All the medieval and early modern rolls to 1625 have been published in some form, although editorial policies and formats have varied.

- 1201–1216. The rolls for these years were published as abbreviated Latin texts by the Record Commission in 1835, in a large folio volume entitled Rotuli Litterarum Patentium in Turri Londinensi asservati ("Rolls of Letters Patent preserved in the Tower of London"), edited by Thomas Duffus Hardy, later sometimes abbreviated as Pat. Roll. T.L. The publication employed a special "record type" font to produce a near-facsimile of the manuscripts.
- 1216–1232. The rolls for these years were published as full Latin texts (with contractions and abbreviations extended) in two volumes published in 1901 and 1903, simply entitled Patent Rolls.
- 1232–1509. The post-1232 rolls have not been published as full texts, but in calendar form (i.e. as comprehensive English summaries, with all significant details included). Between 1891 and 1916, 53 volumes of calendars were published, under the title Calendar of the Patent Rolls, covering the years 1232 to 1509. References to these volumes may be abbreviated as CPR or Cal. patent R.
- 1509–1547. The rolls for the reign of Henry VIII (1509–47) have not been published in a stand-alone form. Their contents were, however, incorporated (in calendar form) into the series Letters and Papers of the Reign of Henry VIII, published between 1862 and 1932.
- 1547–1582. The rolls for the years 1547–1582 were published in calendar form in 19 volumes, under the title Calendar of the Patent Rolls, between 1924 and 1986.
- 1582–1603. In the late 1980s, the Public Record Office suspended its programme of scholarly publication, and the initiative passed to the List and Index Society. Between 1990 and 1994 the Society published five volumes of "draft" calendars covering the years 1584–1589; and between 2000 and 2014 it published 30 volumes of full calendars with indexes covering the years 1582–1603. In 2017 and 2018 it published two volumes of revised calendars for the years 1591–1593; and also in 2018 it published a volume of corrigenda for the period 1582–1603.
- 1603–1625. Calendars and indexes of the rolls for the reign of James VI and I (1603–1625) were published by the List and Index Society in 14 volumes between 1974 and 1989. These are facsimiles (reproduced from microfilm) of contemporary 17th-century finding aids. Although of value, they do not meet modern scholarly standards of comprehensiveness or accuracy.

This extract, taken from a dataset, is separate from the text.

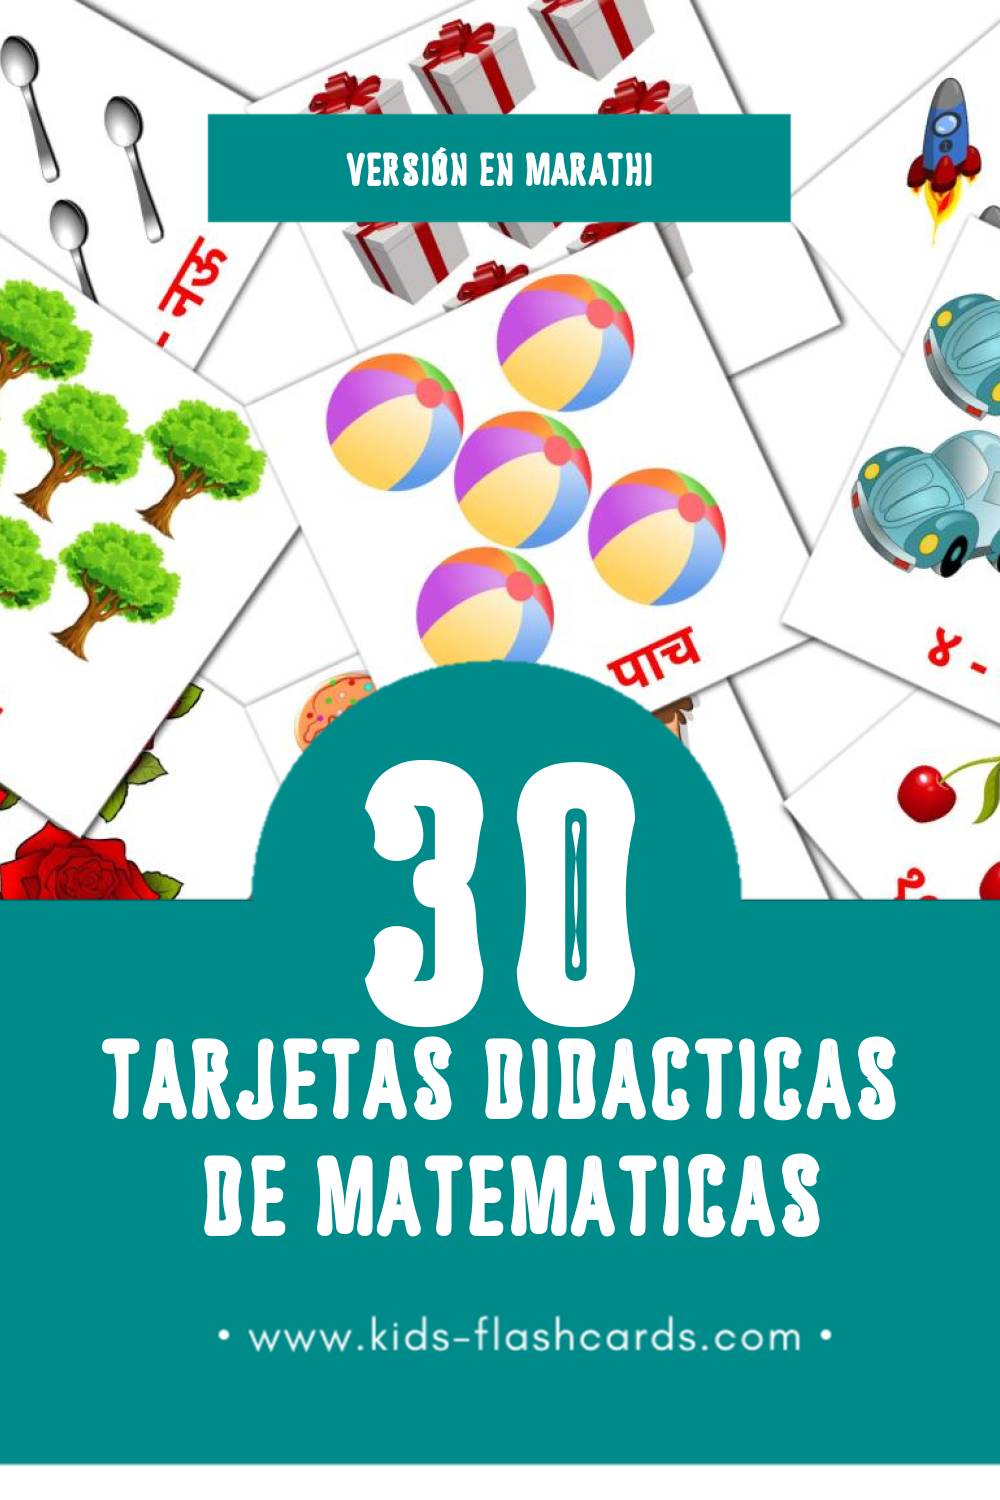 Tarjetas visuales de गणित  para niños pequeños (30 tarjetas en Marathi)

Commissions of gaol delivery and assize were entered on the backs of the rolls: these entries have generally not been included in the published editions.

===Online availability===
Hardy's 1835 edition of the rolls for 1201–1216 is available online in a non-searchable form. The published texts and calendars from 1216 to 1452 have been made available online in a fully searchable form by the University of Iowa.